Si on considère, au contraire, que l'Iran cherche à se doter d'un arsenal nucléaire, certes réduit, mais capable de dissuader un éventuel agresseur, il semble, après consultation de plusieurs experts français, que cette étape pourrait probablement être franchie aux environs de 2015.

Cette estimation ne diffère guère des autres études connues sur la question. Dans son rapport de 2008, la Commission des Affaires Etrangères de la Chambre des communes britannique a estimé que « la date la plus proche pour que l'Iran puisse produire suffisamment d'UHE pour une arme se situe à la fin de l'année 2009, mais que cela est très improbable. Nous considérons que l'Iran serait techniquement capable de produire suffisamment d'UHE entre 2010 et 2015 ».

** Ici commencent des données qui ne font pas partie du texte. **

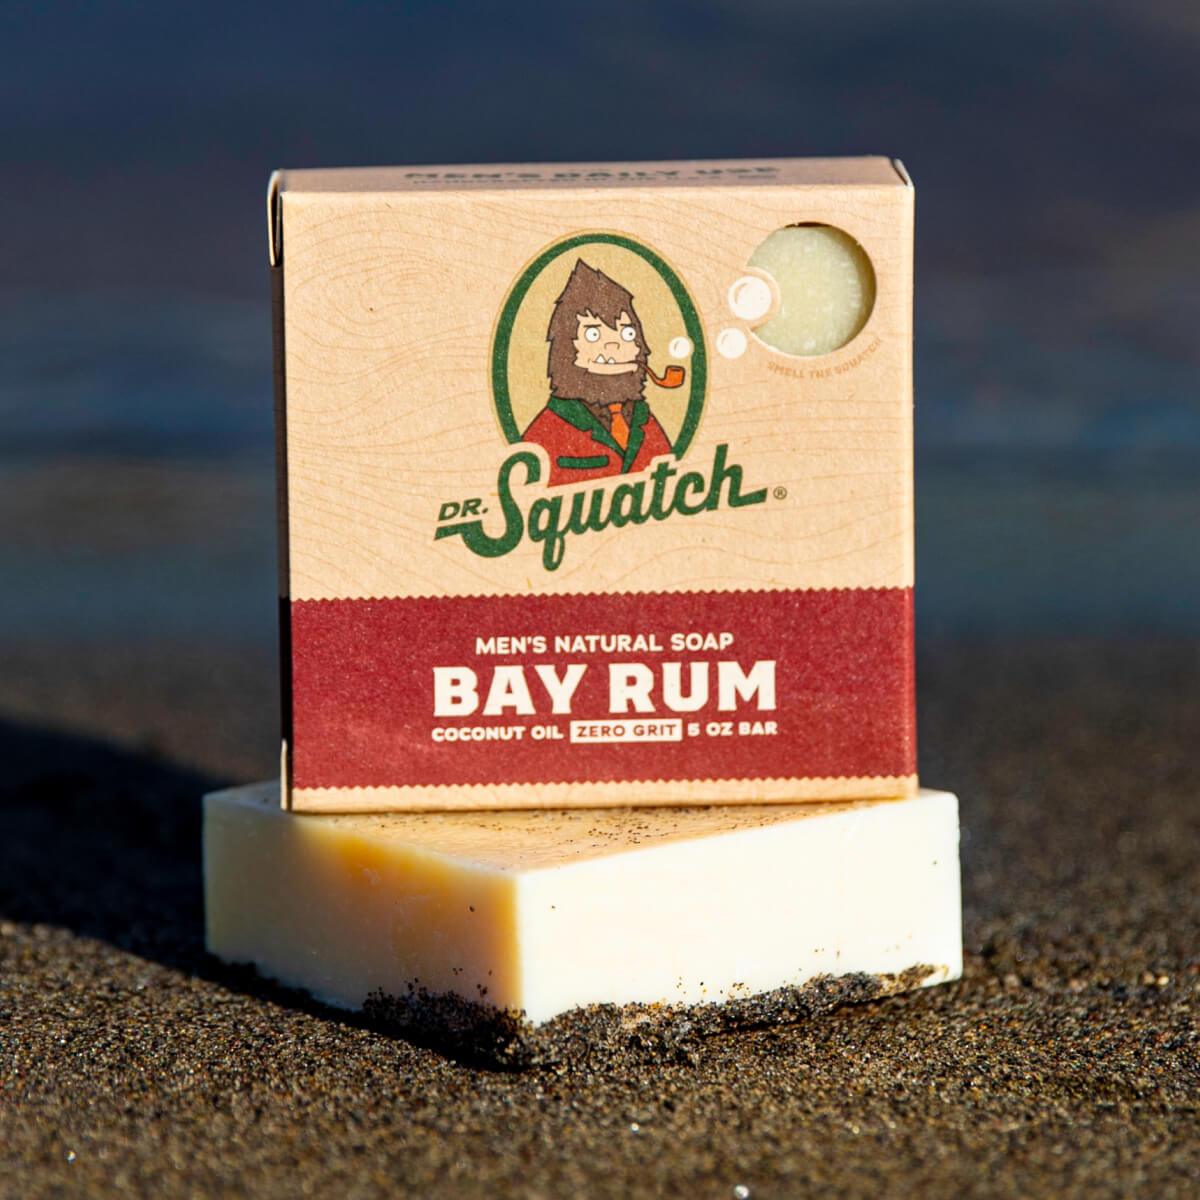 Bay Rum Beer Soap

Vos rapporteurs concluent donc que :

· rien ne permet aujourd'hui d'affirmer ou d'infirmer que l'Iran a un programme nucléaire militaire ;

· il y a, en revanche, de bonnes raisons de penser qu'il a bien cette ambition : caractère secret de son programme à ses débuts, impossibilité où se trouve l'AIEA d'effectuer les vérifications qui lui paraissent nécessaires, très faible rationalité économique et technique du programme en cours s'il est destiné à des fins pacifiques, convergence entre la maîtrise des technologies d'enrichissement de l'uranium et celle des missiles balistiques de longue portée ;

· dans l'hypothèse où l'Iran poursuivrait l'option militaire, il serait en mesure, dans le meilleur des cas, de disposer d'un premier « engin » nucléaire à la fin de l'année 2010 et d'un ensemble cohérent de dissuasion aux environs de 2015.

* 44 Voir la lettre officielle adressée par l'ambassadeur d'Iran en France au Président du Sénat le 26 mai 2009 -en annexe 9-.

* 45 Rapport du Directeur général de l'AIEA au Conseil des gouverneurs 28 août 2009.